→ **YOUR INSTRUCTIONS**:
Beginning with the line that holds "Table de repas" in the data below, give again every line through the one that holds "Hewlett Packard [HP]", exactly as written.

→ **DATA SHOWN**:
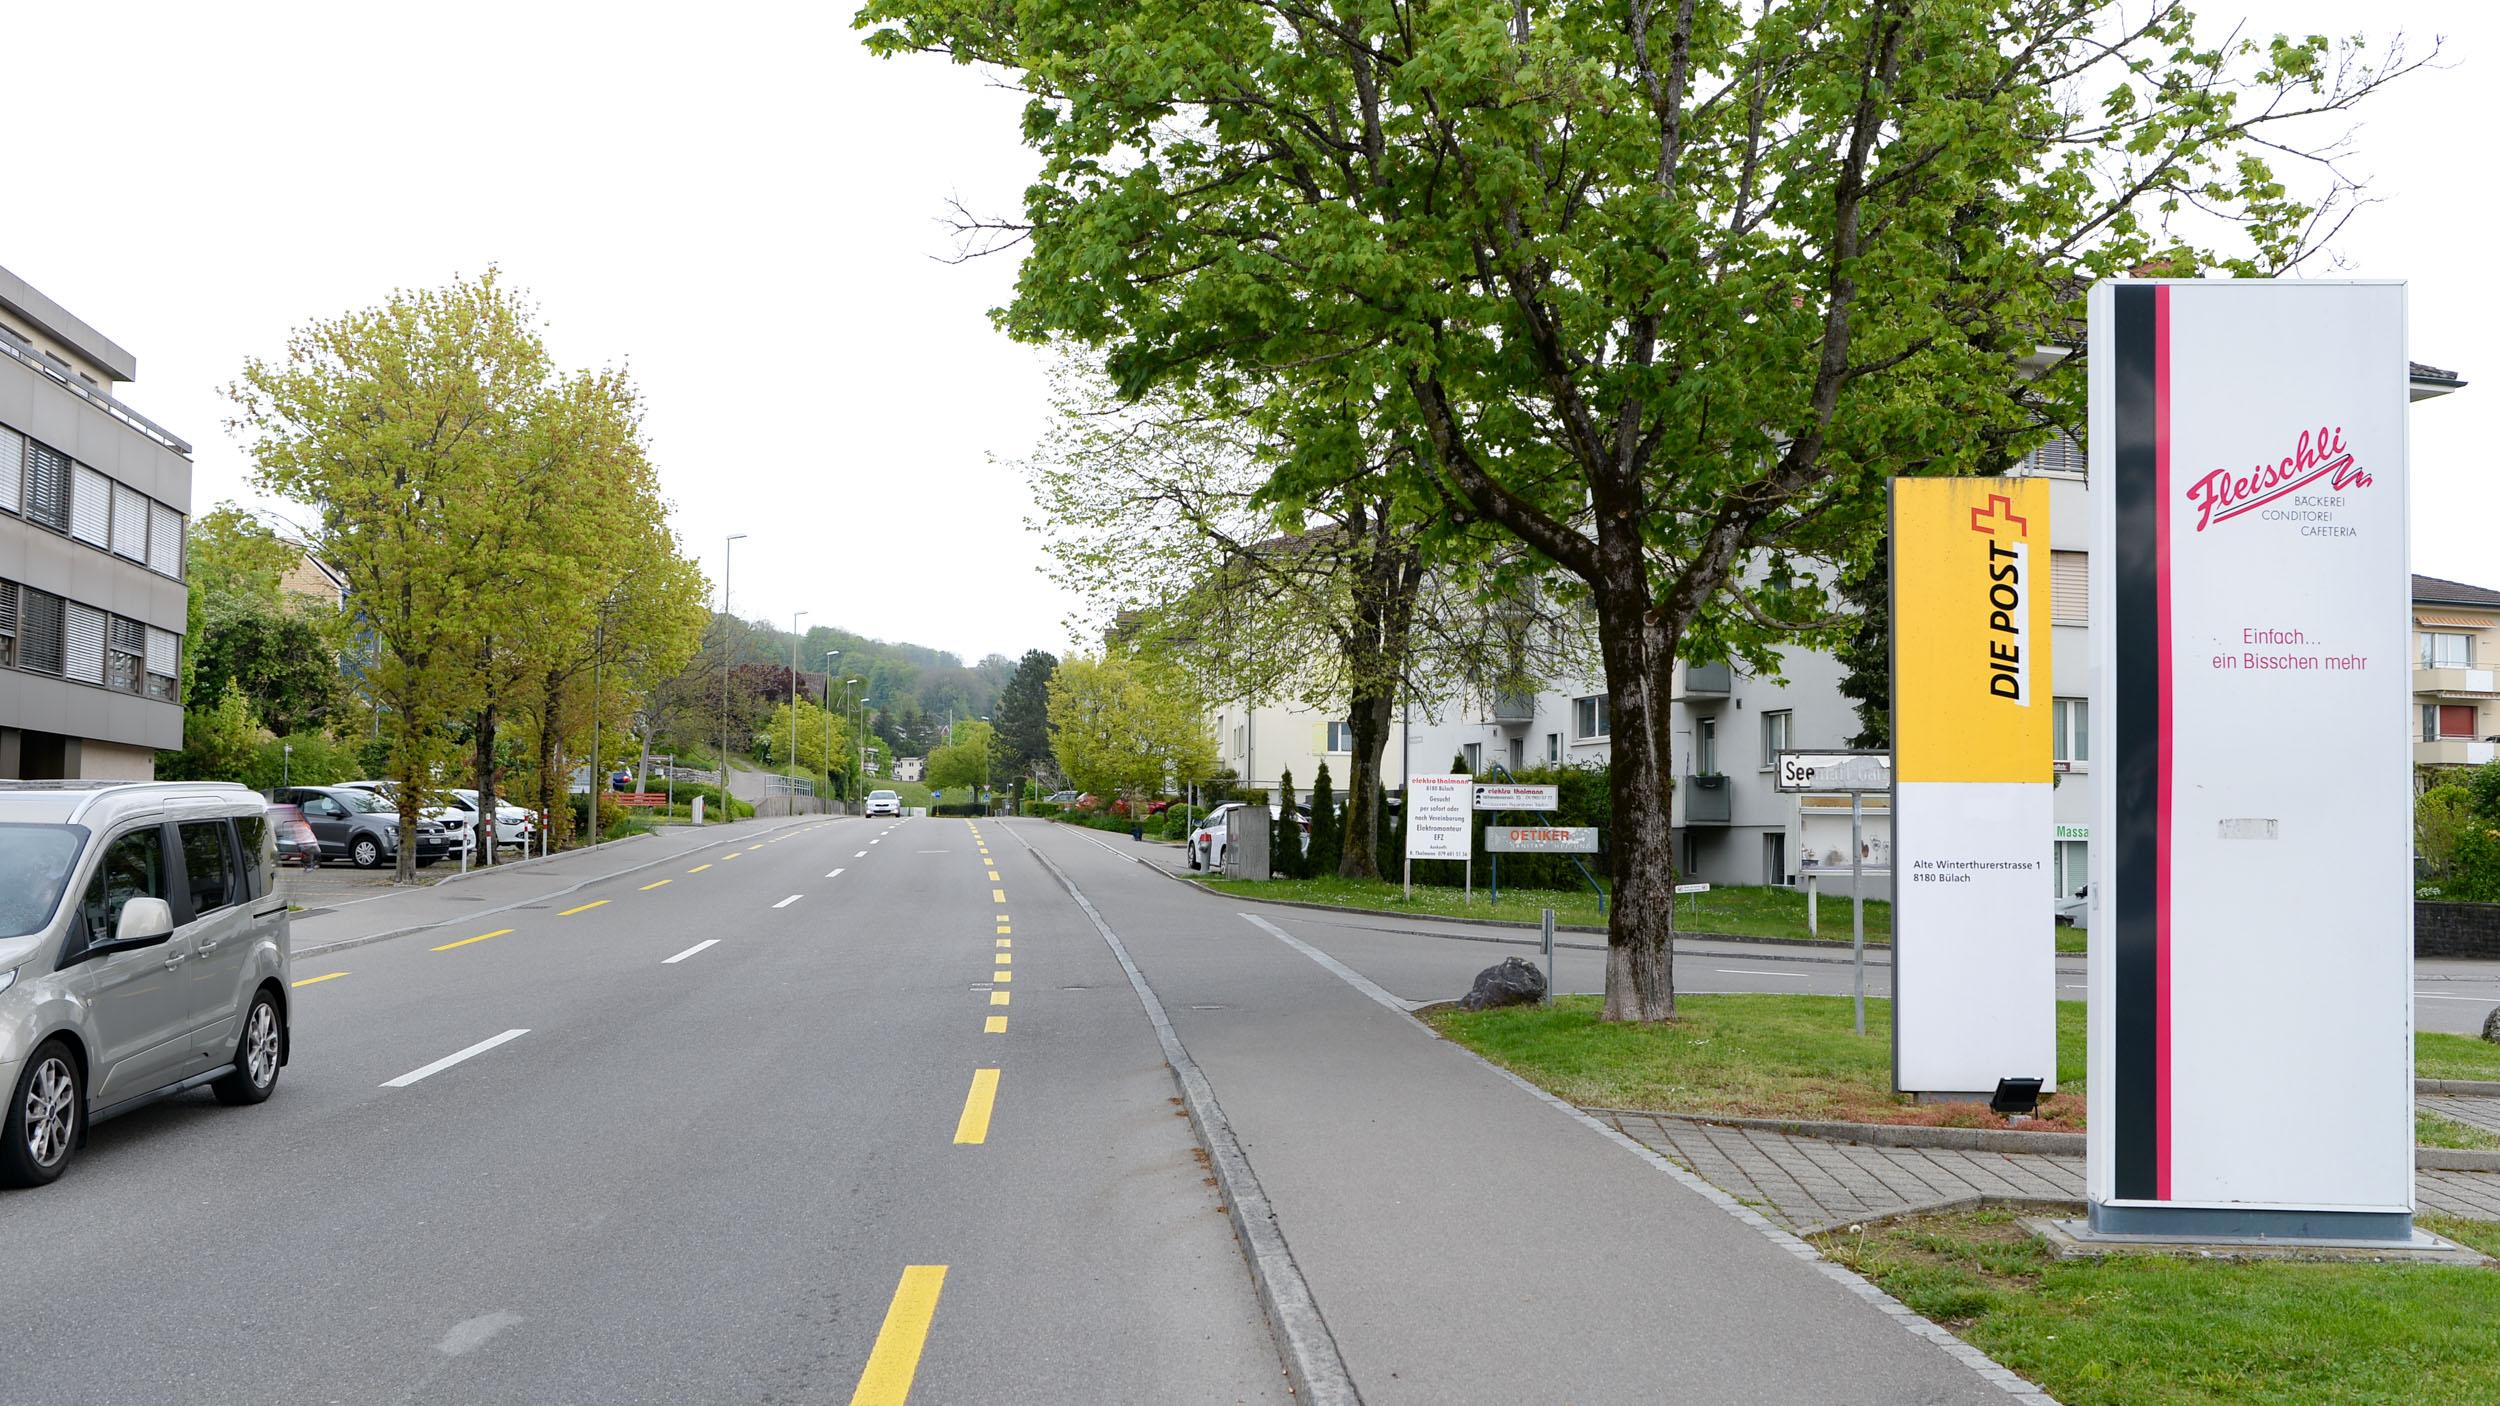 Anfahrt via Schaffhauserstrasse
...
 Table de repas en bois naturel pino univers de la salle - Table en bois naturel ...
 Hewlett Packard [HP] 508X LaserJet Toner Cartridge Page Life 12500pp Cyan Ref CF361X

→ **ANSWER TO THE EXERCISE**:
 Table de repas en bois naturel pino univers de la salle - Table en bois naturel ...
 Hewlett Packard [HP] 508X LaserJet Toner Cartridge Page Life 12500pp Cyan Ref CF361X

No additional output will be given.